### EXERCISE GOAL
The listing below should be written out again word for word, please.

### EXCERPTED RECORDS

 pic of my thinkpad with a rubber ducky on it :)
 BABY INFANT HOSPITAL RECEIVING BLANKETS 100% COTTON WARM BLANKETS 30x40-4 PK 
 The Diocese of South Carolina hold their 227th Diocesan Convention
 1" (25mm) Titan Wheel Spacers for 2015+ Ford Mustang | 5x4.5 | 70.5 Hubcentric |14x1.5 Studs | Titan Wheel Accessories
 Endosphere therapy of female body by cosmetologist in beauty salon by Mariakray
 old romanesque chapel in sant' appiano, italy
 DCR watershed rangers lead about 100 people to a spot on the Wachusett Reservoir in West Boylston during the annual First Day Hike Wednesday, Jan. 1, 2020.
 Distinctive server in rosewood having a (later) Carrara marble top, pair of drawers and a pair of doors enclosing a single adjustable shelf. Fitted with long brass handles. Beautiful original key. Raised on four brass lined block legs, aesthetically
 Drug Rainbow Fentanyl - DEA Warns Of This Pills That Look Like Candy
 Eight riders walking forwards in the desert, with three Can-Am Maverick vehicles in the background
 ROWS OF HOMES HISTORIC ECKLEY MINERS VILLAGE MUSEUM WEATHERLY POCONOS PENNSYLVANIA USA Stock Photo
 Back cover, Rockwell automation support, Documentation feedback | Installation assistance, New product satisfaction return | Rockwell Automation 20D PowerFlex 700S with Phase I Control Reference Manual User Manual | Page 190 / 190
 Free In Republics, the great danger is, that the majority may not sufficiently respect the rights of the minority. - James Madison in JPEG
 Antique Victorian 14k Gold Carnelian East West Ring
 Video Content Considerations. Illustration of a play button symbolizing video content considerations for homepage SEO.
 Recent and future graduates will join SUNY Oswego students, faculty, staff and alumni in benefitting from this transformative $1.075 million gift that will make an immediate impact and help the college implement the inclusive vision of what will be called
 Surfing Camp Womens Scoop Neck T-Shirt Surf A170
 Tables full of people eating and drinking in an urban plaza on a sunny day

### SOLUTION TO THIS EXERCISE
 pic of my thinkpad with a rubber ducky on it :)
 BABY INFANT HOSPITAL RECEIVING BLANKETS 100% COTTON WARM BLANKETS 30x40-4 PK 
 The Diocese of South Carolina hold their 227th Diocesan Convention
 1" (25mm) Titan Wheel Spacers for 2015+ Ford Mustang | 5x4.5 | 70.5 Hubcentric |14x1.5 Studs | Titan Wheel Accessories
 Endosphere therapy of female body by cosmetologist in beauty salon by Mariakray
 old romanesque chapel in sant' appiano, italy
 DCR watershed rangers lead about 100 people to a spot on the Wachusett Reservoir in West Boylston during the annual First Day Hike Wednesday, Jan. 1, 2020.
 Distinctive server in rosewood having a (later) Carrara marble top, pair of drawers and a pair of doors enclosing a single adjustable shelf. Fitted with long brass handles. Beautiful original key. Raised on four brass lined block legs, aesthetically
 Drug Rainbow Fentanyl - DEA Warns Of This Pills That Look Like Candy
 Eight riders walking forwards in the desert, with three Can-Am Maverick vehicles in the background
 ROWS OF HOMES HISTORIC ECKLEY MINERS VILLAGE MUSEUM WEATHERLY POCONOS PENNSYLVANIA USA Stock Photo
 Back cover, Rockwell automation support, Documentation feedback | Installation assistance, New product satisfaction return | Rockwell Automation 20D PowerFlex 700S with Phase I Control Reference Manual User Manual | Page 190 / 190
 Free In Republics, the great danger is, that the majority may not sufficiently respect the rights of the minority. - James Madison in JPEG
 Antique Victorian 14k Gold Carnelian East West Ring
 Video Content Considerations. Illustration of a play button symbolizing video content considerations for homepage SEO.
 Recent and future graduates will join SUNY Oswego students, faculty, staff and alumni in benefitting from this transformative $1.075 million gift that will make an immediate impact and help the college implement the inclusive vision of what will be called
 Surfing Camp Womens Scoop Neck T-Shirt Surf A170
 Tables full of people eating and drinking in an urban plaza on a sunny day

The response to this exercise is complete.